To solve the problem of when two stones cross each other, we can break it down step by step. ### Step 1: Understand the Problem We have two stones: - Stone A is dropped from a height \( h \). - Stone B is thrown upwards from the ground and reaches a maximum height of \( 4h \). ### Step 2: Determine the Initial Velocity of Stone B Stone B reaches a height of \( 4h \). Using the kinematic equation: \[ v^2 = u^2 - 2g s \] where: - \( v = 0 \) (velocity at maximum height), - \( u \) is the initial velocity of Stone B, - \( g \) is the acceleration due to gravity, - \( s = 4h \) (the distance traveled upwards).

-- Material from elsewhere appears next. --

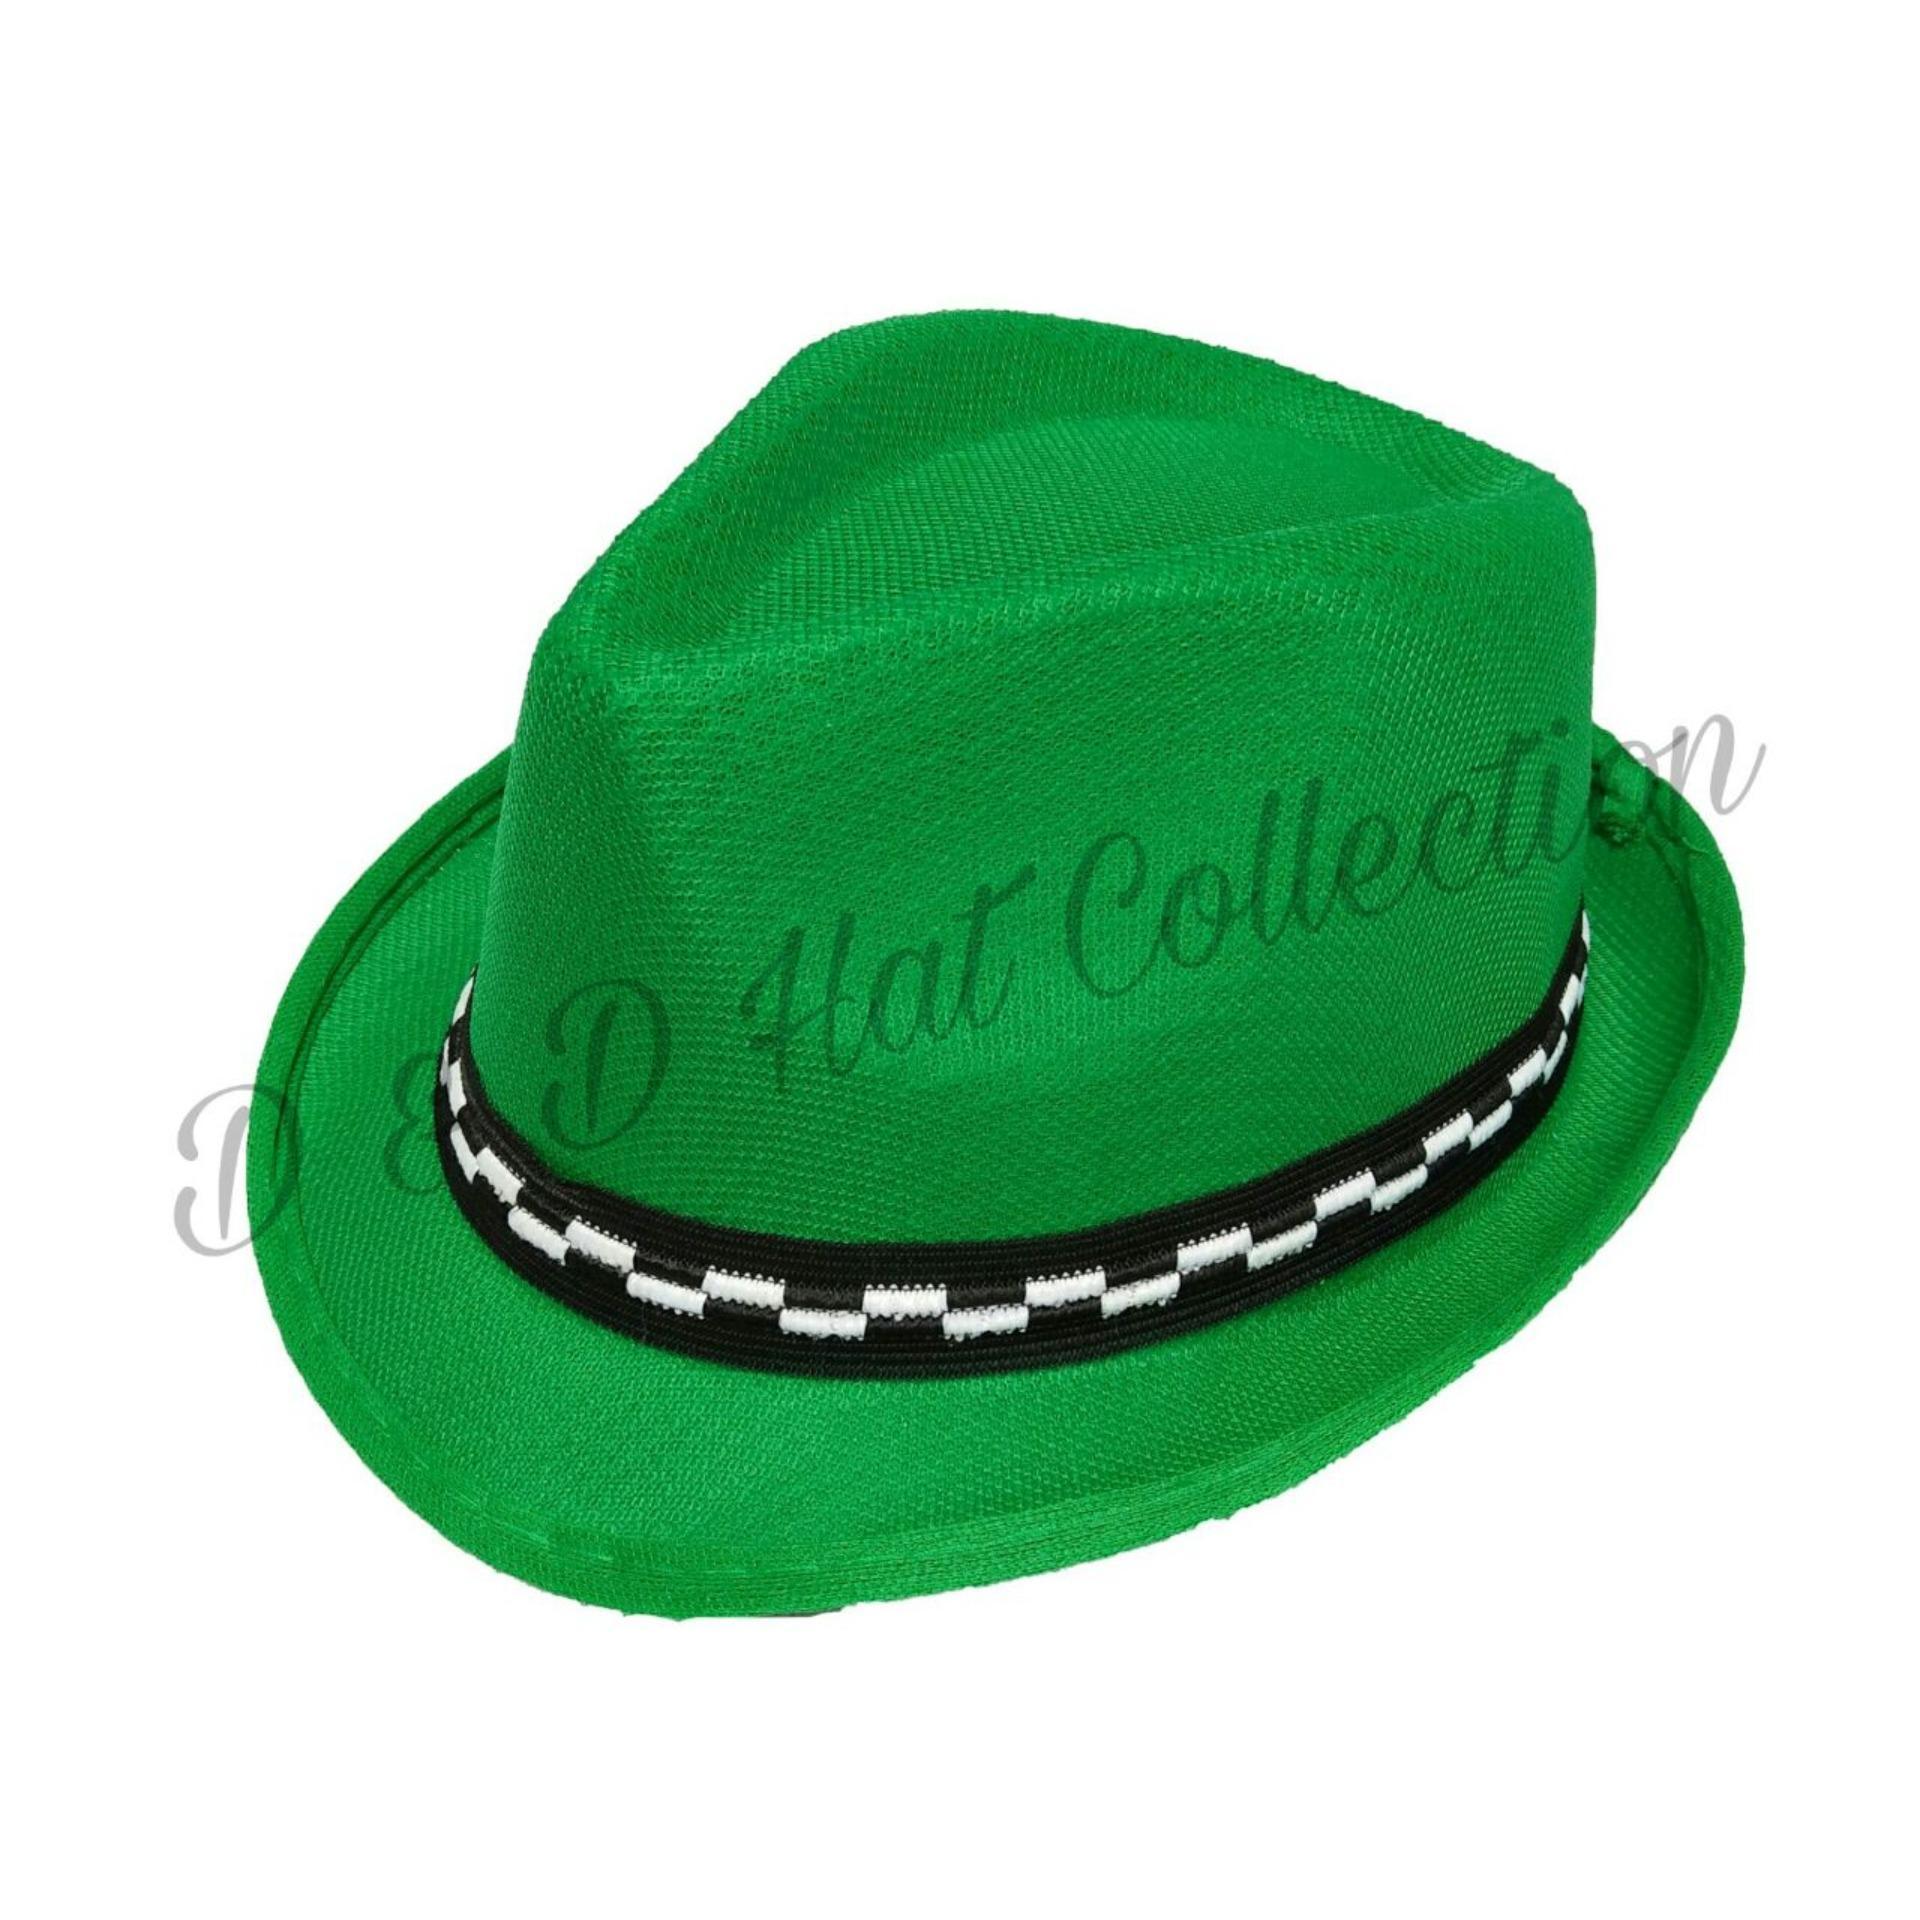 Pencarian Termurah D   D Fashion Fedora Hat For Kids   Topi Fedora Jazz  Anak Unisex 1470829f0b

Substituting the values into the equation: \[ 0 = u^2 - 2g(4h) \] This simplifies to: \[ u^2 = 8gh \] Thus, the initial velocity \( u \) of Stone B is: \[ u = \sqrt{8gh} \] ### Step 3: Write the Equations of Motion for Both Stones 1. For Stone A (dropped from height \( h \)): - The distance fallen after time \( t \) is given by: \[ H_1 = \frac{1}{2} g t^2 \] (This distance is downward, so we consider it positive.) 2. For Stone B (thrown upwards): - The distance traveled upwards after time \( t \) is: \[ H_2 = ut - \frac{1}{2} g t^2 \] Substituting \( u = \sqrt{8gh} \): \[ H_2 = \sqrt{8gh} t - \frac{1}{2} g t^2 \] ### Step 4: Set Up the Equation for When They Cross At the moment they cross each other, the total distance covered by both stones should equal the height \( h \): \[ H_1 + H_2 = h \] Substituting the expressions for \( H_1 \) and \( H_2 \): \[ \frac{1}{2} g t^2 + \left(\sqrt{8gh} t - \frac{1}{2} g t^2\right) = h \] This simplifies to: \[ \sqrt{8gh} t = h \] ### Step 5: Solve for Time \( t \) Rearranging gives: \[ t = \frac{h}{\sqrt{8gh}} = \frac{h}{\sqrt{8g} \sqrt{h}} = \frac{\sqrt{h}}{\sqrt{8g}} = \sqrt{\frac{h}{8g}} \] ### Final Result The time at which the two stones cross each other is: \[ t = \sqrt{\frac{h}{8g}} \] ---